Even when the drowning person makes some headway, she’s still treading water and sometimes just one wave will wash her back where she began.

A year and a half go by. The drowning person’s dad dies in October. Her mom dies three months later.

-Eyes that are vacant, unfocused or closed

After her parents die, whenever she closes her eyes to sleep, the drowning person has dreams about them. For months, in every dream, they are dying and she has to save them—she has to get her bleeding dad across the ocean while swimming, she has to keep her mom above water. Eventually, in the dreams, she knows her parents are dead but they’re right there talking to her, and she wonders how she’ll tell everyone that they’re still alive, since they’ve already had obituaries, funerals. How will I explain that they’re alive, she worries in the dream, when I’ve told everyone that they died? She knows in her dream mind’s subconscious that their sudden resurrection is tentative, but she doesn’t know how to fit it into the world.

  • Sometimes the most common indication that someone is drowning is that they don’t look like they’re drowning.

The drowning person dissociates. Her mind goes ahead of her body to find the edge of the flood, if only by chance.
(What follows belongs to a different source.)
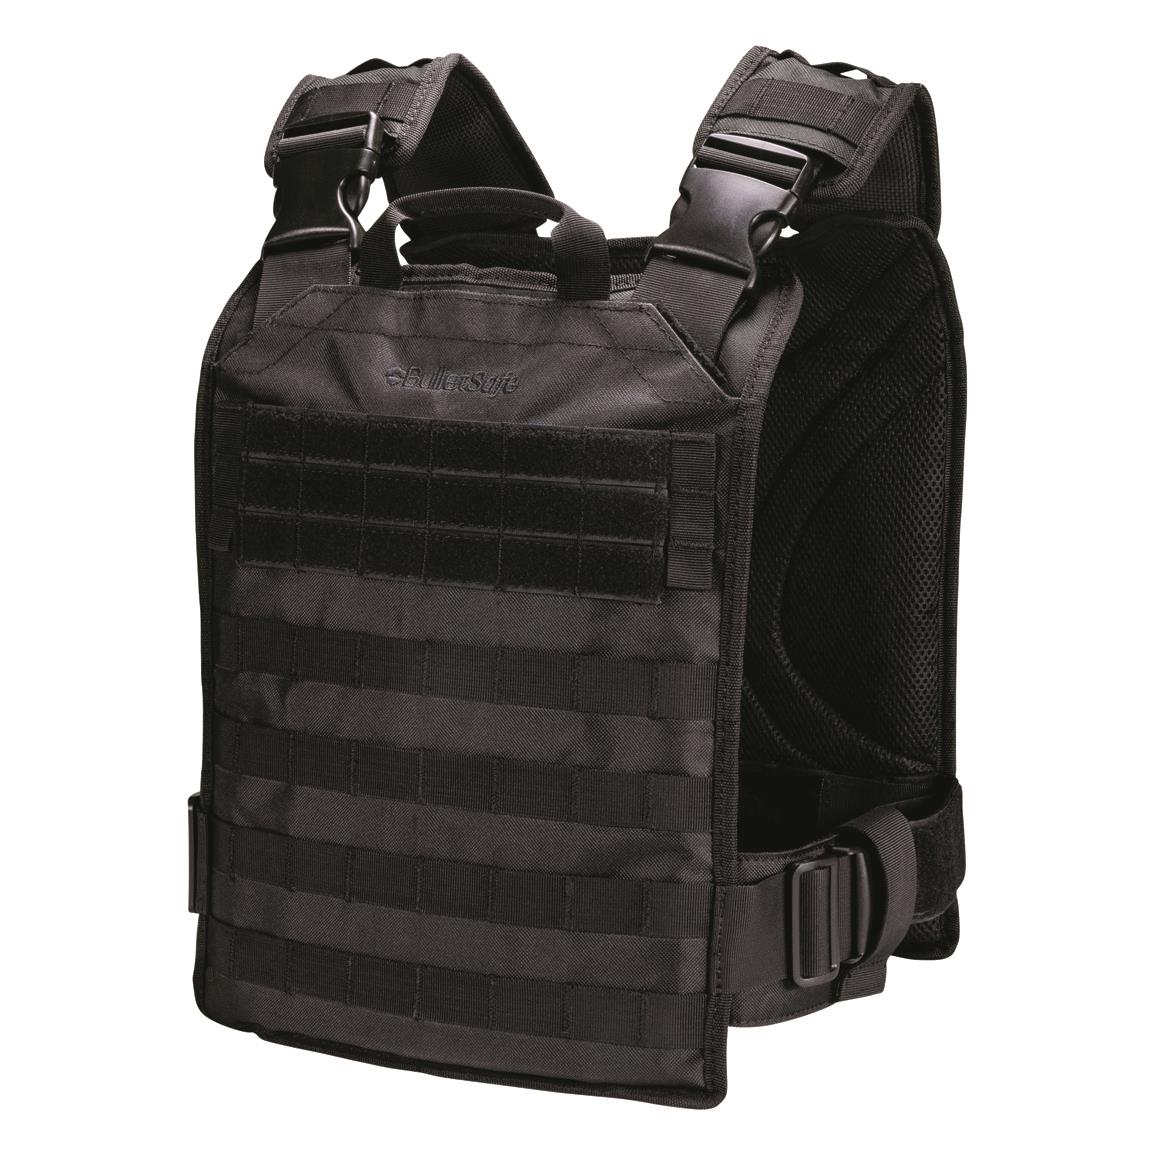 Premier Discreet Executive Level IIIA Bulletproof Vest - 720494, Armor  Plate & Carrier Sets at Sportsman's Guide

Sometimes the mind keeps looking while the body remains a vessel on autopilot. The mind scans the landscape, the water lifting and falling while the drowning person stands, up to her neck. The drowning person wonders if she can empty her dreams into the water. Her figurative dreams seem to continue to dissipate, and her literal dreams just lap and swell in her mind. Her mind, in slow, luminous eddies, washes its own hands of all of this. She thinks of the end of the water. Drowning has become a life here on earth.

Someone come. Close down the sea.  

Facts on Instinctive Drowning Response adapted from “It Doesn’t Look Like They’re Drowning” by Aviation Survival Technician First Class Mario Vittone and Francesco A. Pia, Ph.D in The Journal of U.S. Coast Guard Search and Rescue, Fall 2006 and “Drowning Doesn’t Look Like Drowning” by Mario Vittone in Slate, June 4, 2013.